The first dataset is taken from the ‘Young in Norway’ survey conducted in 2002. The sample was nationwide and comprised students from 73 schools, representing a broad range of municipalities regarding industry structure and urbanity.19 The overall response rate was 92.3%. Ethical approval of the study was obtained from the Norwegian Social Science Data Services. Consent from the Ministry of Research and Education, the local school authorities and -boards were obtained. Detailed description of the design and procedures is published elsewhere.19 To obtain comparable datasets over time, we analyzed data from eighth to 10th grade only, resulting in a net sample of 5842 respondents from 2002.
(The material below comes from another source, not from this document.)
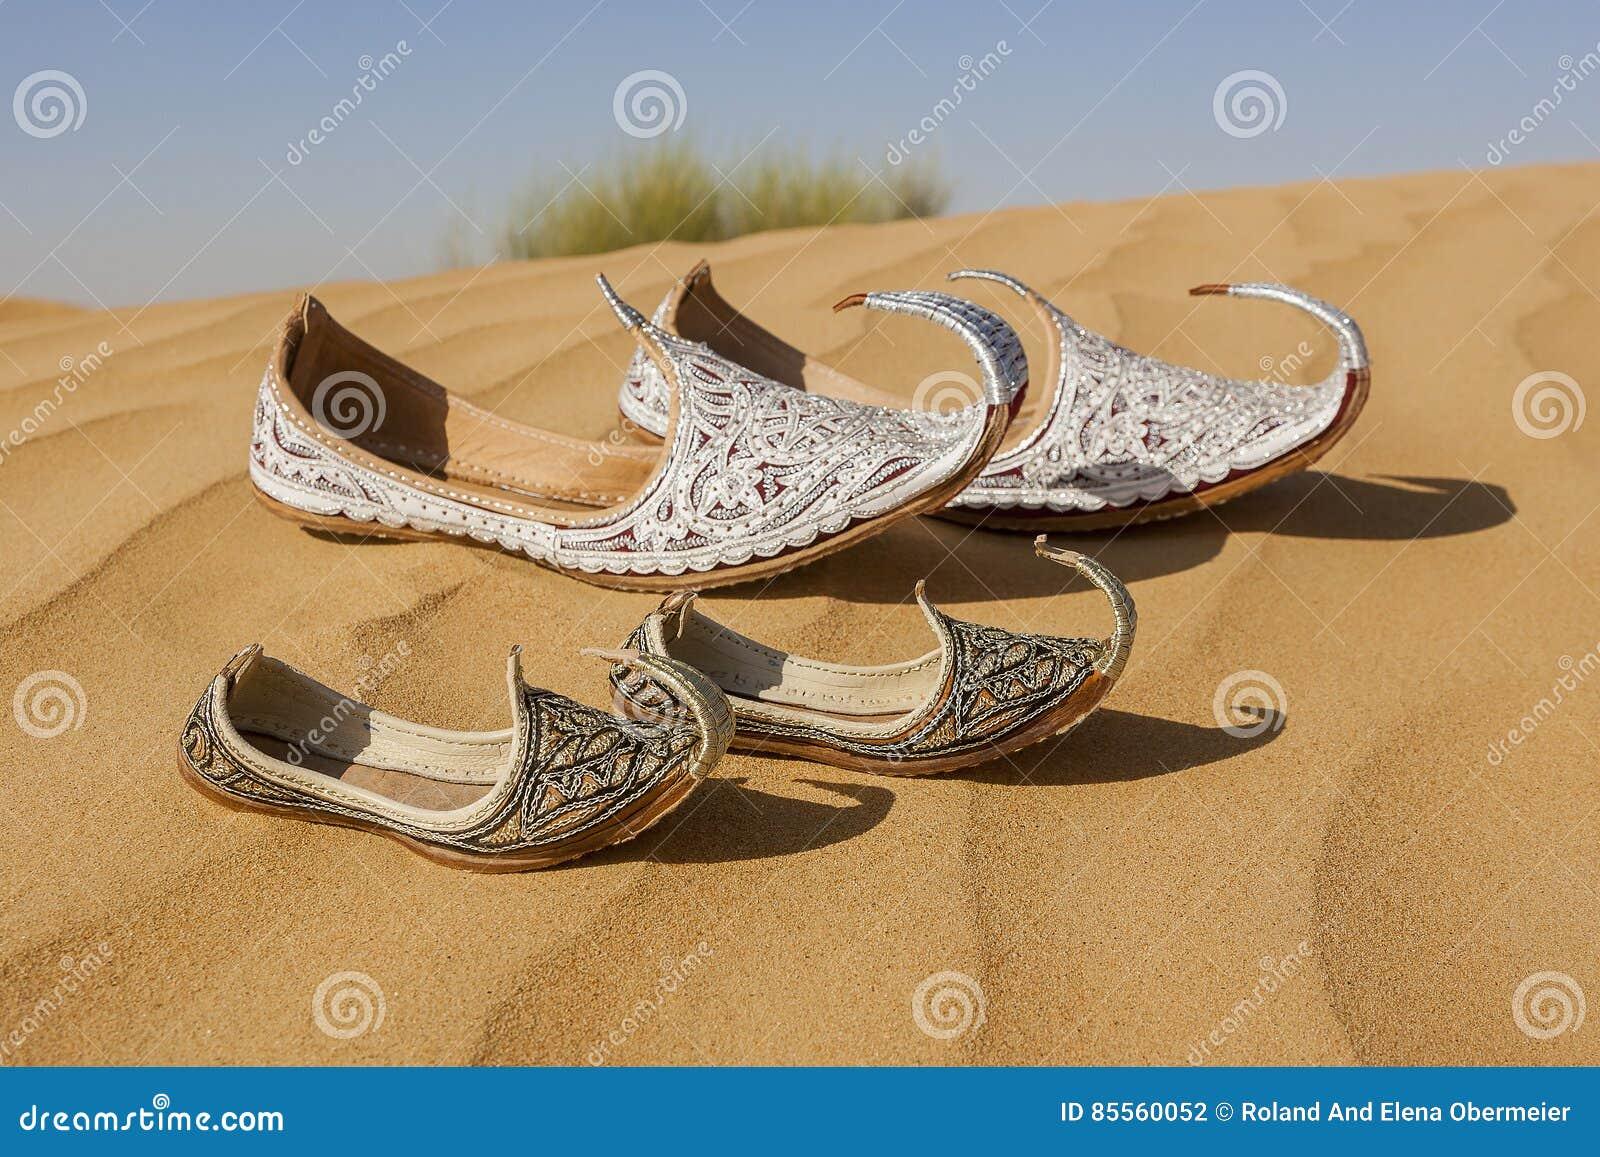 Verlorene Schuhe Aladins und Sindbads
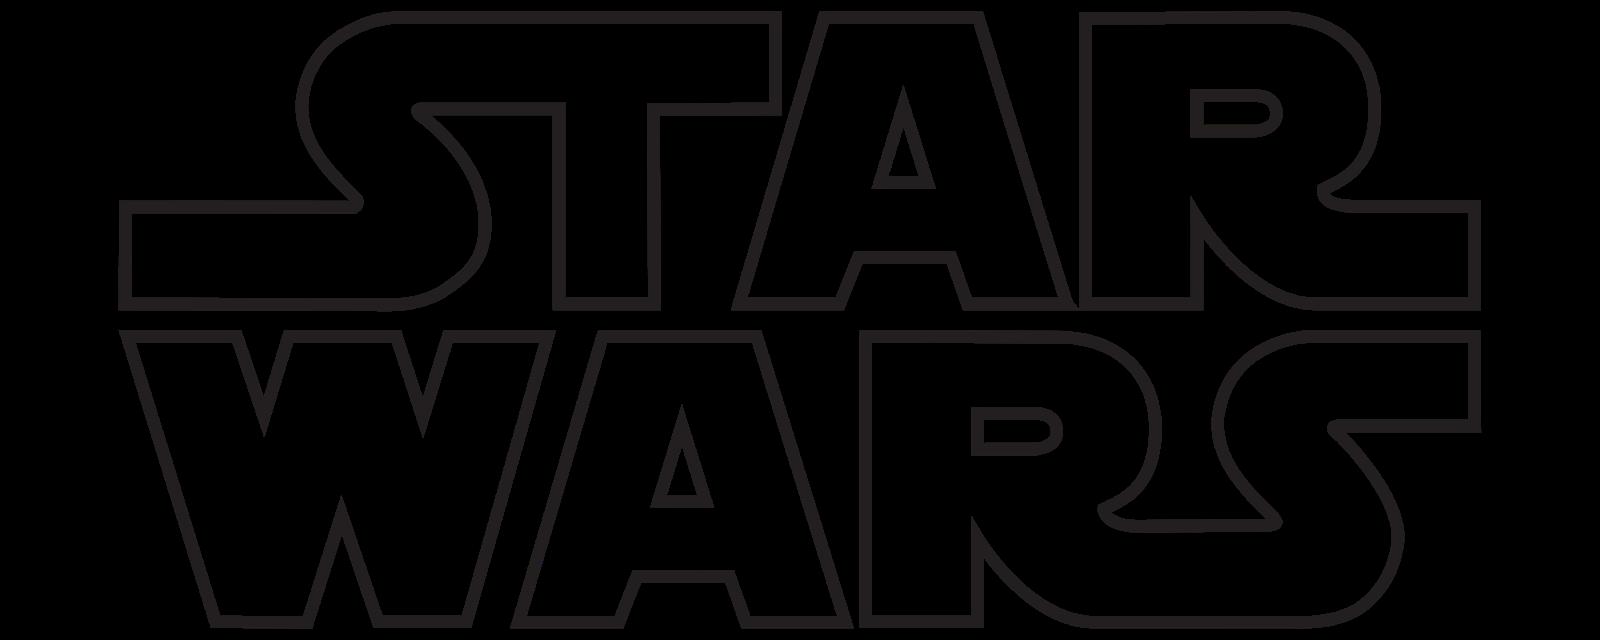 Star wars owl clipart download Resultado de imagem para darth vader molde | Star Wars | Pinterest download

The second dataset comprises a series of cross-sectional school surveys conducted in 54 municipalities across Norway in 2017 and 2018. These surveys are part of a quality assured and standardized system designed to conduct local surveys of adolescents in Norway, ‘Young Data’.20 The purpose is to monitor living conditions, including mental health among the adolescents in a local context. Ethical approval of the study was obtained from the Norwegian Social Science Data Services. Detailed description of the surveys is provided elsewhere.20 The overall response rate in secondary school is 82%, and our sample of students participating in the 2017 and 2018 surveys comprised a total of 29 063 respondents in grades 8 through 10. In sum, the two datasets include responses from 34 905 students in secondary school.

Variables

Self-harm

In the 2002 survey, the students were asked, ‘Have you ever intentionally taken an overdose with pills or in any other way tried to harm yourself?’ Response categories were ‘Yes, less than 1 year ago’, ‘Yes, more than 1 year ago’ and ‘No, never’. The variable was re-coded into a dichotomous variable, reflecting past 12 months self-harm, to match the variable in the 2017/18 surveys. Here, the question was asked under the subheading ‘Self-harm’: ‘Have you tried to harm yourself in the past 12 months?’ with the response categories ‘Yes’ and ‘No’.

Socio-demographics

Gender and school grade (proxy for age) were included. Urban–rural dwelling was based on information about the municipality to which the school belonged and categorized into the following: big city (i.e. >100 000 inhabitants); medium sized city (50 000–100 000 inhabitants); small city (15 000–50 000 inhabitants); town (5000–15 000 residents); and village/countryside (<5000 inhabitants). Perceived family economy was assessed by the item: ‘How is the economic situation in your family over the past two years?’ and five response categories included ‘Very good all the time’, ‘Mainly good’, ‘Neither good nor poor’, ‘Mainly poor’ and ‘Very poor all the time’.

Anti-social behavior

Four items regarding frequency of anti-social behavior were retrieved from National Youth Longitudinal Study (NYLS).21 They were vandalism; not paying for tickets; school truancy; and spending the night away from home without your parents knowing where you were. The reference period was the last year. Response categories were: ‘Never’, ‘once’, ‘2–5 times’, ‘6–10 times’ and ‘11 times or more’. These variables were re-coded into semi-continuous measures (taking the values 0, 1, 4, 8 and 15, respectively), and added into a sum-score, ranging from 0 to 60.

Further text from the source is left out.